Pafloyul wrote:
GWS wrote:
I'm really not understanding the references to Ratten being "reactive".
If he was able to react to what's in front of him he wouldn't be in this situation.
Surely his problem is that he's "unreactive"?
Reactive does not mean what you think it means. It's a bit like when you see a bent stick and the first thing you do is hastily straiten it only to have it inevitably break at the bend. That's how I see the Carlton FC at the moment.
Pafloyul is right. To explain it more, reactions are knee-jerk responses — often emotionally based but always determined by our conditioning, we feel a certain way about a situation based on our past and that colours our perception of the present (often making us more subjective and less objective).
A more mature way is to
respond to the given situation/crisis/problem.
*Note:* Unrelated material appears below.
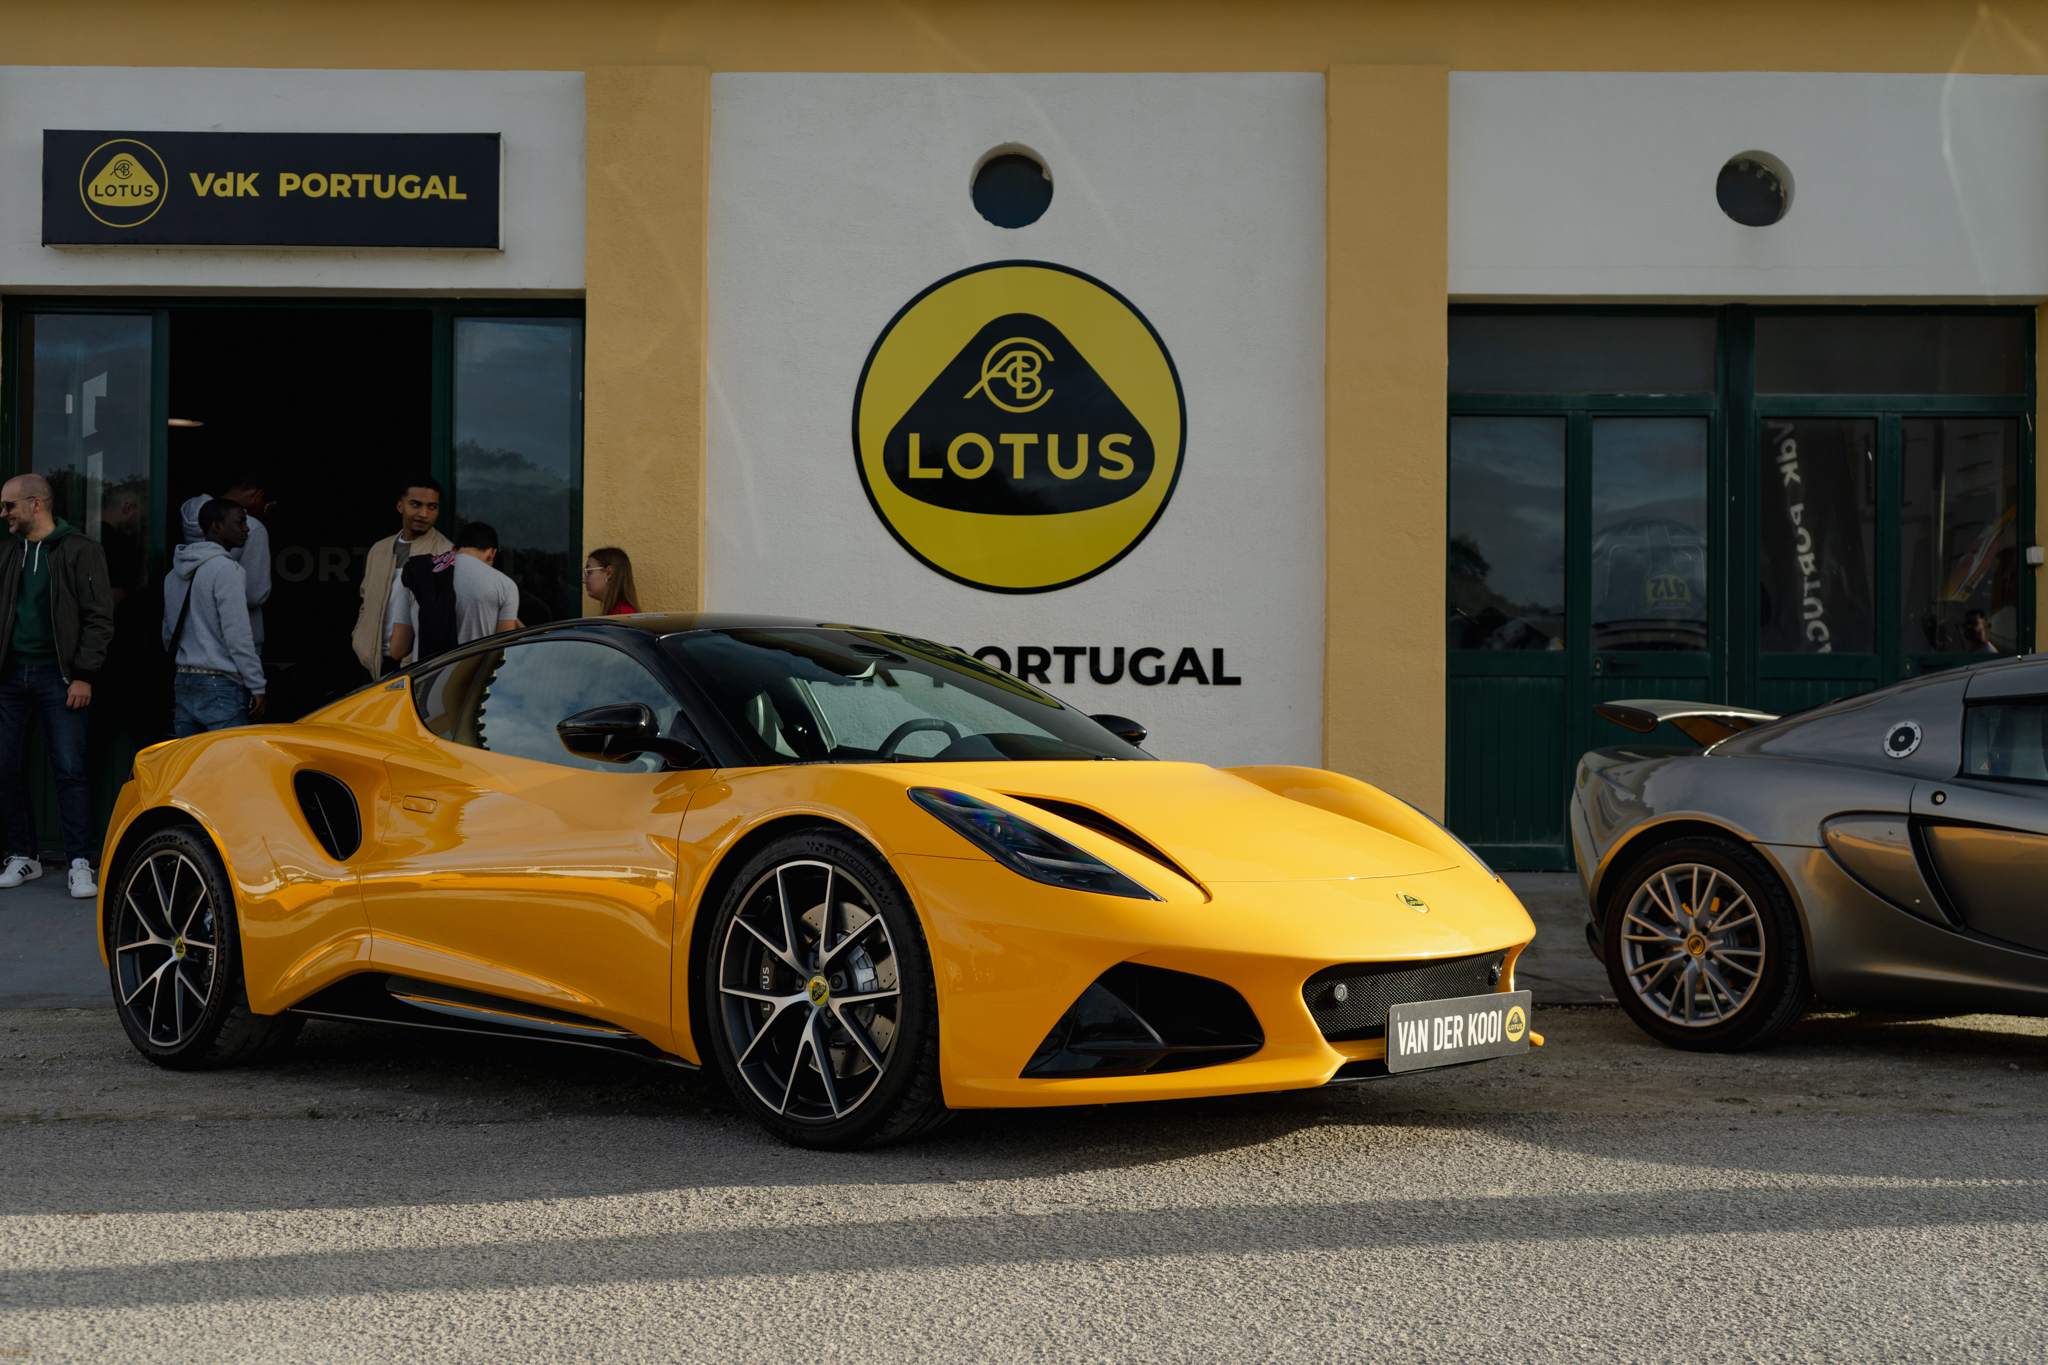 Lotus regressa oficialmente a Portugal “pelas mãos” da Van der Kooi

This involves the grey matter seeing through the lies of our conditioning (eg. father beat mother when I was child so I feel all authority figures are intrinsically ar--holes and untrustworthy) using rational thought and thereby avoiding counter-productive reactions (aggressively contest every authority figure I meet). A mature coach will have prepared responses to certain eventualities in a game rather than reacting to the obvious end result as BV explained. If Buddy is kicking a shit load of goals do you put 3 players on him? No, it's an understandable reaction but then Hawks just kick to 2nd tall in space. Buddy runs off his opponents and gets a take away goal instead.
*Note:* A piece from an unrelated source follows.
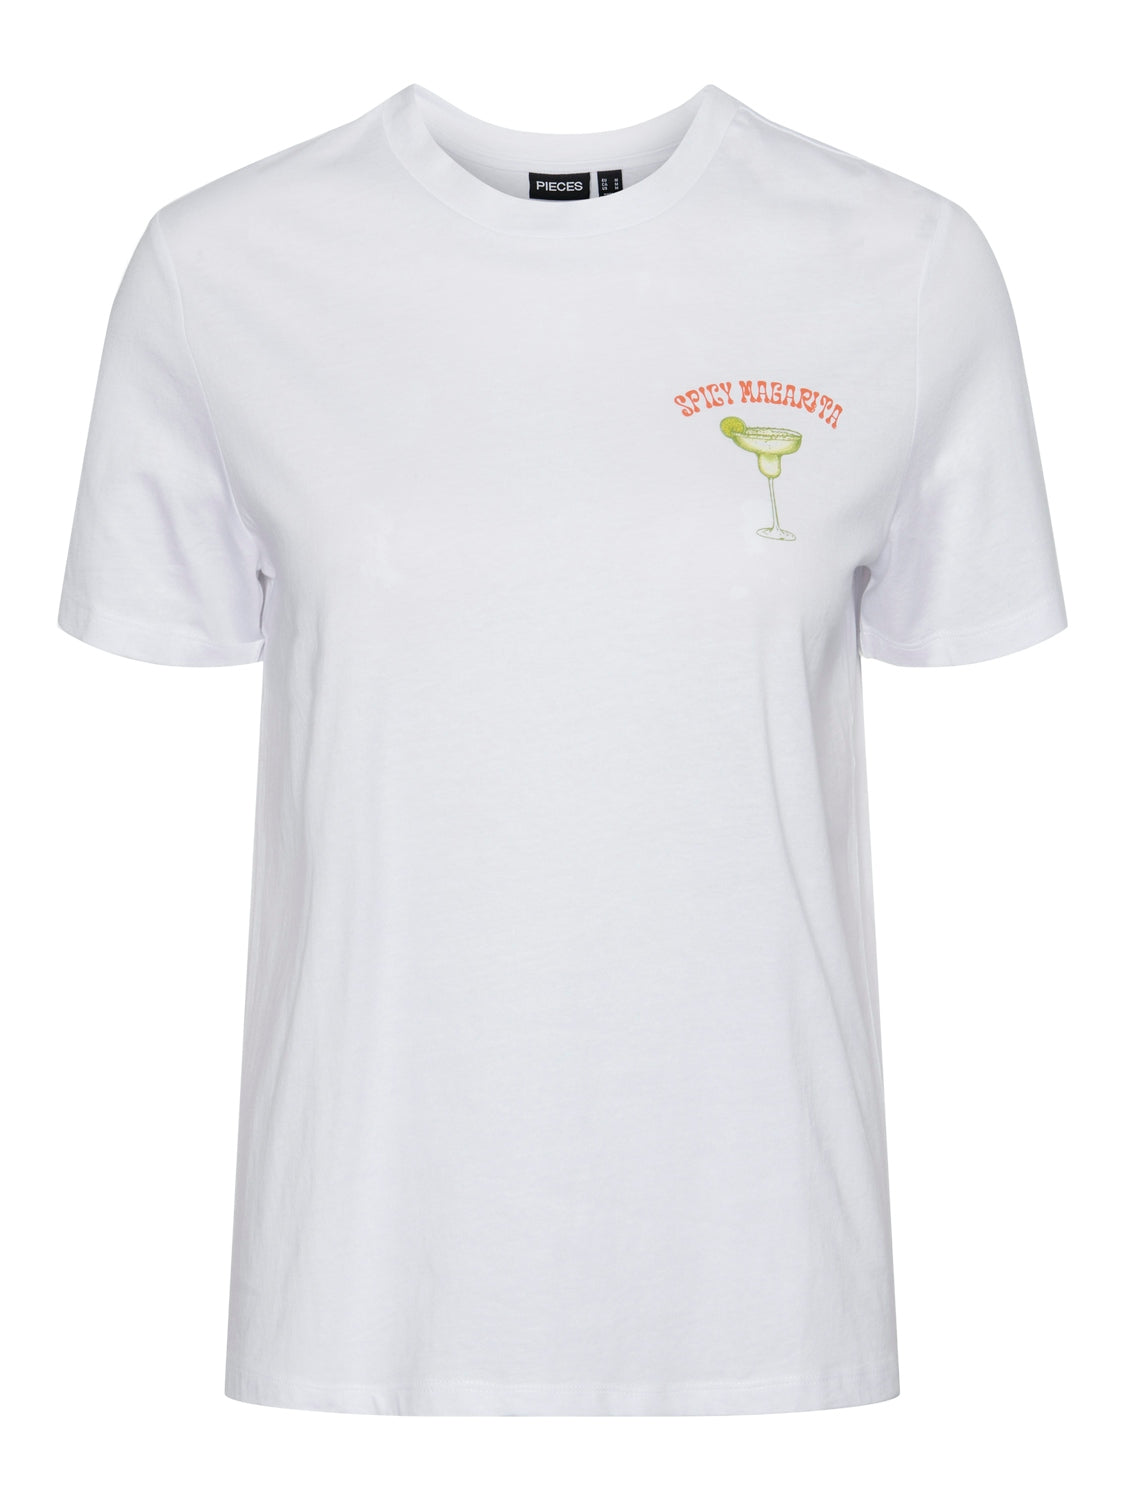 PcKilana Magarita T-Shirt White

It's sometimes said acting is reacting. Feels to me Ratts is acting at coach not actually doing the business but I hope I'm wrong in saying that, I've never been in his shoes or the players. Post game interviews with players feel like they're wondering what the flower is going on too, given Robbo and some else after Saints loss saying we need to turn this around
fast — like in the next couple of weeks — so it's not more player conditioning they're talking about or development of skills or speed, it's
structures as they like to call them in the AFL. The non-physical aspect of the game which counts for so much. If the game plan is wrong it means very fast players look slow, guns look out of form and smart readers of the play seem reactive and thick. That's why there's a box of very highly paid coaches who don't seem to be cottoning on to the fact that other teams have known to flood and harass our best ball users for the last few years. We only beat Collingwood cause they thought they could win on there own terms and not negate us as the first priority of their game plan.